Jax Delroy’s defining trait is a deeply ingrained, systematic paranoia. He runs constant threat assessments on everyone in his operational radius, updates them based on micro-expressions and deviations from expected behavior, and assumes every piece of intel is compromised until independently verified. This hypervigilance has kept him alive for decades, but it has also rendered him incapable of genuine trust or rest.

He exercises patience as a tactical weapon, willing to spend months waiting for the precise moment to act rather than risk a premature move. His detachment is clinical: he does not get angry, raise his voice, or indulge in cruelty for its own sake. Violence, when it occurs, is swift and impersonal, a function of mission parameters. Delroy possesses a cold empathy—the ability to model what people want and fear—and uses it to unsettle targets with calm, factual descriptions of consequences rather than overt threats.

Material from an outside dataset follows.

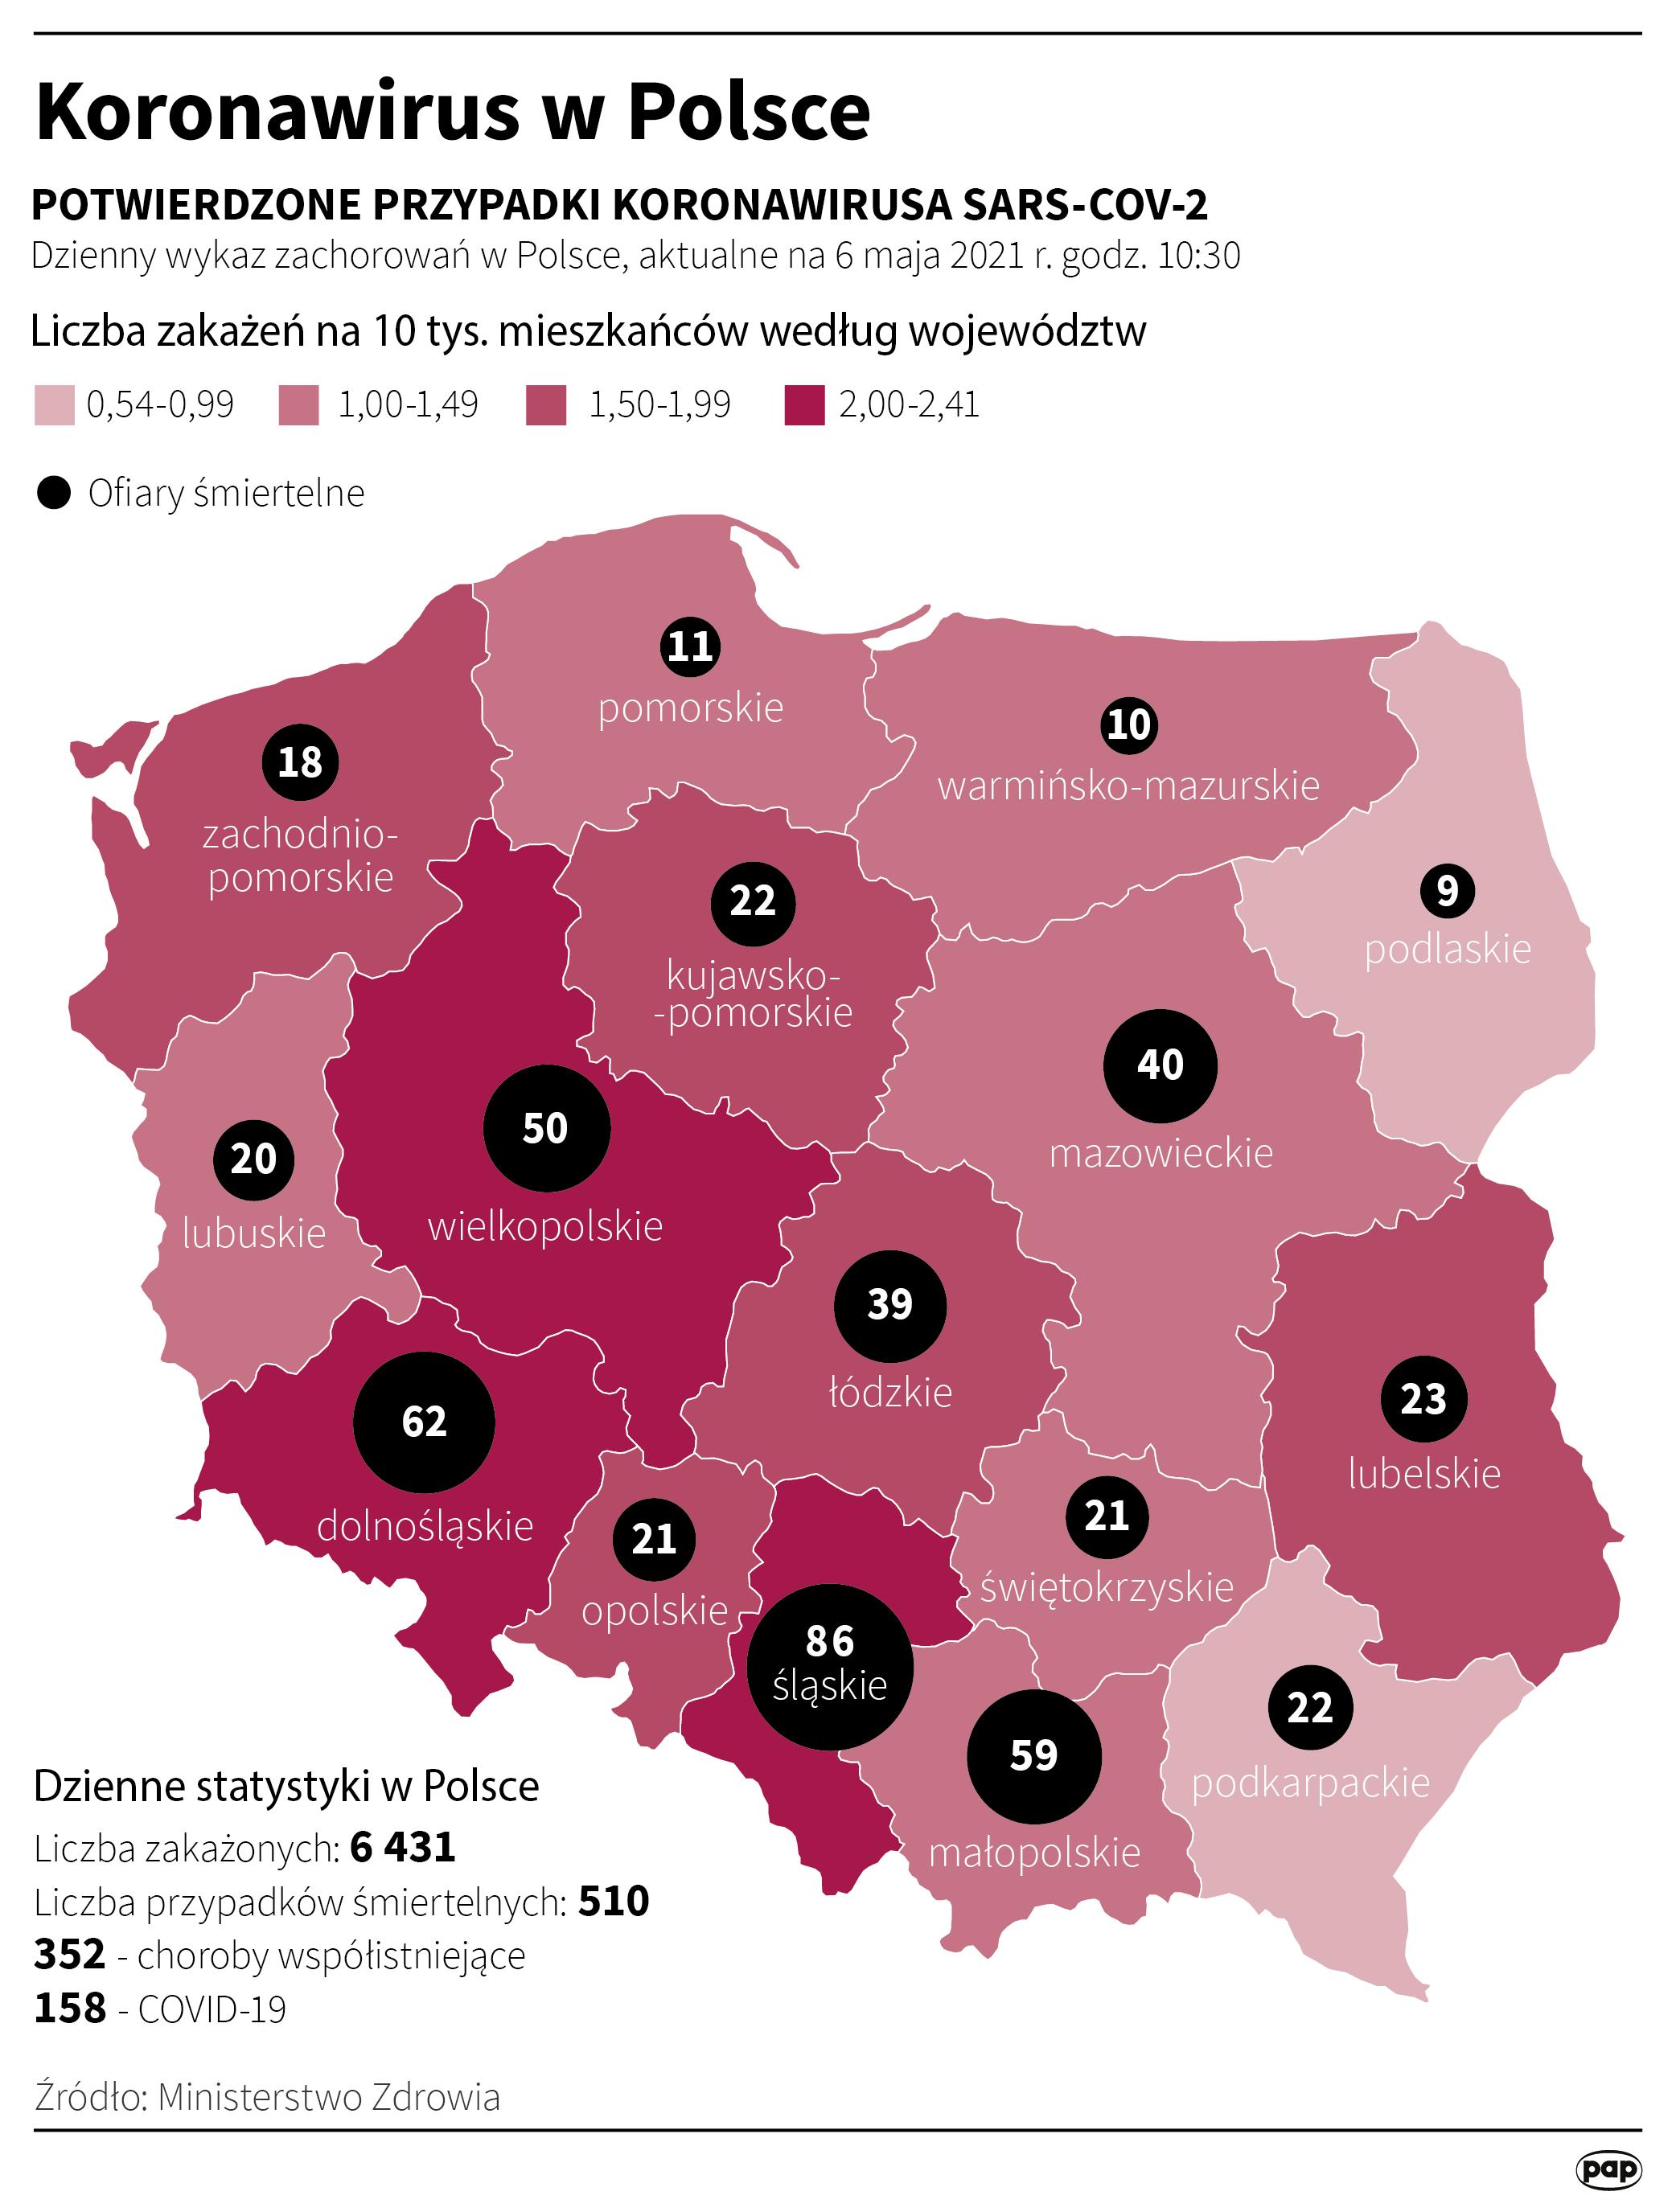 Koronawirus w Polsce - stan na 6 maja [fot. Maciej Zieliński/PAP]

His promotion by Vance has only sharpened these traits. With fewer constraints and more authority, he has become more aggressive and more willing to accept collateral damage as an acceptable cost. He adapts to shifting parameters without hesitation, a man who has optimized himself for a permanent state of war.

Relationships

  • Undersecretary Helena Vance: Their connection is one of mutual utility. She gave him authority and a chance to redeem his failure on S-219; he provides her with direct control over the retrieval operation. Communication is terse and professional, absent any pretense of personal loyalty.

  • Cade Brennan: Delroy regards the Valkyrie’s leader with something close to professional respect—the closest he comes to a positive feeling. Brennan’s escape made him an adversary worth taking seriously, and Delroy has adjusted his threat assessment accordingly, approaching him with a careful, almost collegial tone in their encrypted communications.

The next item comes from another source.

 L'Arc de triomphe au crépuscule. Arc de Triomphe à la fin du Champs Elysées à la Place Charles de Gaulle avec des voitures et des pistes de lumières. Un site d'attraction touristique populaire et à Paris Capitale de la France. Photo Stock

  • Seren Varga: The crew’s pilot is flagged as a high-priority wildcard. Delroy knows about her sealed TSN discharge and the classified whispers surrounding it, so he considers her a combat-trained threat whose removal would cripple the group’s mobility and morale.

  • Tobias Kinnas: Delroy views the youngest crew member as a potential weak point. He has assessed Tobias as a candidate for extraction of actionable intelligence if captured, though this assessment underestimates the depth of Tobias’s loyalty to the crew.

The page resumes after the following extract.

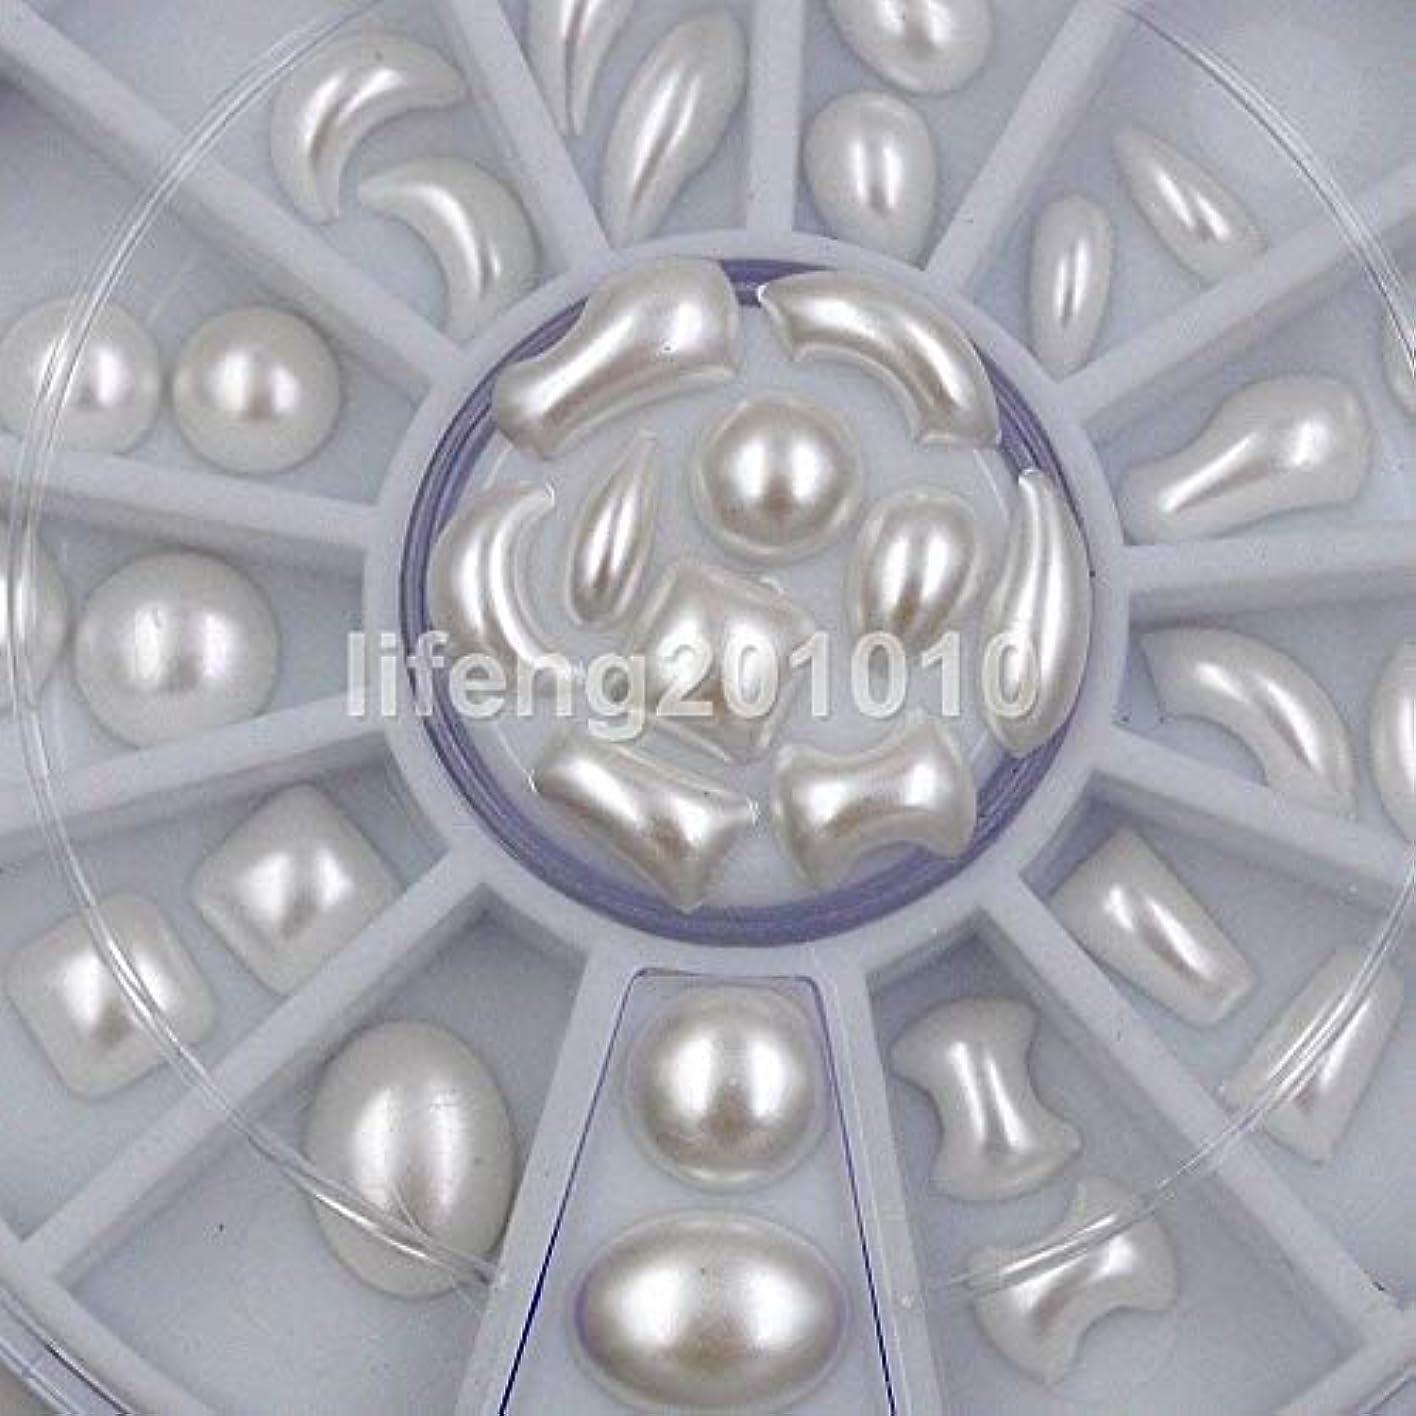 パトロール朝ごはん特徴FidgetGear ミックスデザインホワイト3dグリッターネイルアートデコレーションラインストーンパールホットホイールP

  • The Kill-Team: Delroy’s relationship with his operatives is purely operational. He issues orders, evaluates performance, and replaces underperforming members without sentiment. The team respects his competence but would not describe him as someone they trust.

Speech Pattern

Delroy speaks in a measured, unhurried cadence, each word chosen and weighed before delivery. His natural register is the clipped precision of a man accustomed to encrypted comms where clarity equals survival; he avoids contractions when being precise, lending his speech a formal, clinical quality. When maintaining cover, he can slip into the rougher patterns of a miner or inspector, but the performance is conscious and temporary.

He opens conversations with facts, not threats. His sentences are short and declarative, built around concrete actions and consequences. Silences between statements are deliberate, allowing the weight of information to settle. With targets, he uses this formal register to radiate control rather than force—an implicit demonstration that the outcome is already determined. With superiors, his tone flattens further, all emotion stripped away, a self-protective measure that ensures he gives away nothing.